Performance test of selected HLSL intrinsic functions - results

List of all functions:

Resolution: 8K
Unity 2022.3.11
RTX 2070 + Windows 10

Test shader:

Shader "Performance"
{
    SubShader
    {
        Pass
        {
            HLSLPROGRAM
            #include "UnityCG.cginc"
            sampler2D _MainTex;
           
            #pragma vertex VSMain
            float4 VSMain (float3 vertex : POSITION) : SV_Position
            {
                return UnityObjectToClipPos(vertex);
            }

            #pragma fragment PSMain
            float4 PSMain (float4 vertex : SV_POSITION) : SV_Target
            {
                float r = 0;
                for (float i = 0.0; i < 10000.0; i++) r = r + abs(i);
                return float4(r, 0.0, 0.0, 1.0);
            }

            ENDHLSL
        }
    }
}

Replace line 21 with selected function:

abort(); for (float i = 0.0; i < 10000.0; i++) r = r + asin(i);
for (float i = 0.0; i < 10000.0; i++) r = r + abs(i);
for (float i = 0.0; i < 10000.0; i++) r = r + acos(i);
for (int i = 0; i < 10000; i++) r = r + asfloat(i);
for (float i = 0.0; i < 10000.0; i++) r = r + atan(i);
for (float i = 0.0; i < 10000.0; i++) r = r + ceil(i);
for (float i = 0.0; i < 10000.0; i++) r = r + cos(i);
for (float i = 0.0; i < 10000.0; i++) r = r + cosh(i);
for (float i = 0.0; i < 10000.0; i++) r = r + ddx(i);
for (float i = 0.0; i < 10000.0; i++) r = r + degrees(i);
discard; for (float i = 0.0; i < 10000.0; i++) r = r + asin(i);
for (float i = 0.0; i < 10000.0; i++) r = r + fmod(i, 123.456);
for (float i = 0.0; i < 10000.0; i++) r = r + log(i);
for (float i = 0.0; i < 10000.0; i++) r = r + mul(unity_ObjectToWorld, vertex).r;
for (float i = 0.0; i < 10000.0; i++) r = r + normalize(i);
for (float i = 0.0; i < 10000.0; i++) r = r + normalize(vertex);
for (float i = 0.0; i < 10000.0; i++) r = r + rsqrt(i);
for (float i = 0.0; i < 10000.0; i++) r = r + sign(i);
for (float i = 0.0; i < 10000.0; i++) r = r + tan(i);
for (float i = 0.0; i < 10000.0; i++) r = r + tex2D(_MainTex, vertex.xy);

Results → numbers = FPS, higher is better;

The most demanding HLSL functions are inverse trigonometric functions: asin, acos, atan

6 Likes

Interesting experiment. Yes, inverse transcendentals are known to be the most expensive.

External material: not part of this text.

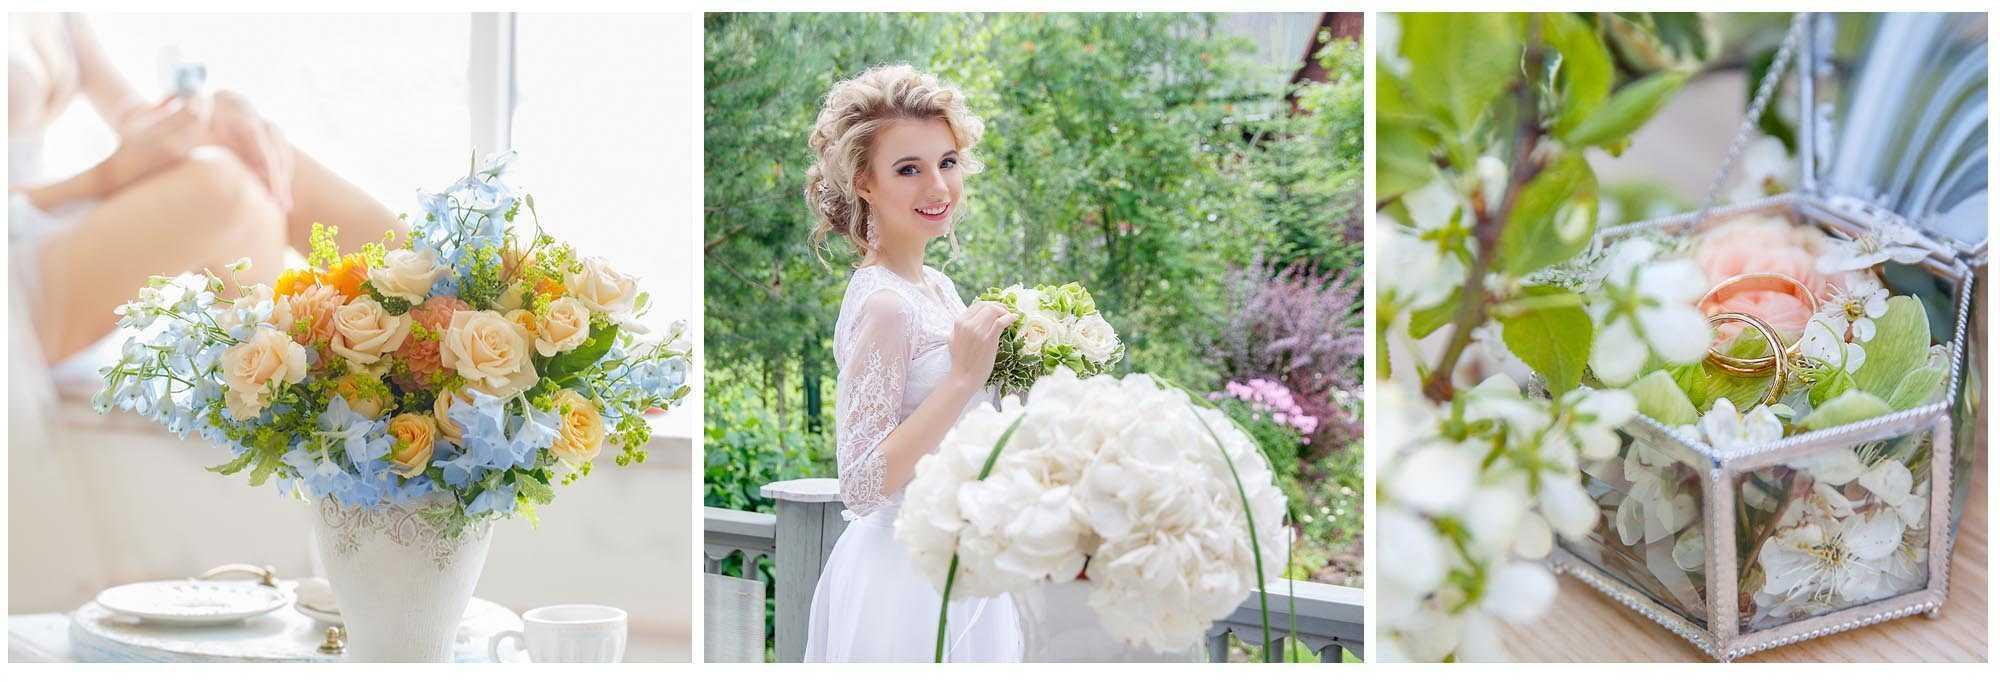 Организация свадьбы фото Алексей Никольский

I didn’t expect normalize to be so expensive, though. That’s such a common function, I would have thought, they’d optimized it with a lookup table. What does normalize(scalar) even do? Does that always return 1? Also, you need to be careful with normalize(vertex) because a good compiler would simply pull that out of the loop.

Would also be interesting to see the cost of a division. Might be similar to the cost of fmod.

How did you measure the cost of discard? That will end the shader as soon as you call it.

Well, the fact that mul being magnitude times slower than rsqrt is enough to conclude this benchmark is broken.
Respect the effort though, it is hard do measure any kind of workload on gpu.

I’m sure that would be petabyte size look-up table.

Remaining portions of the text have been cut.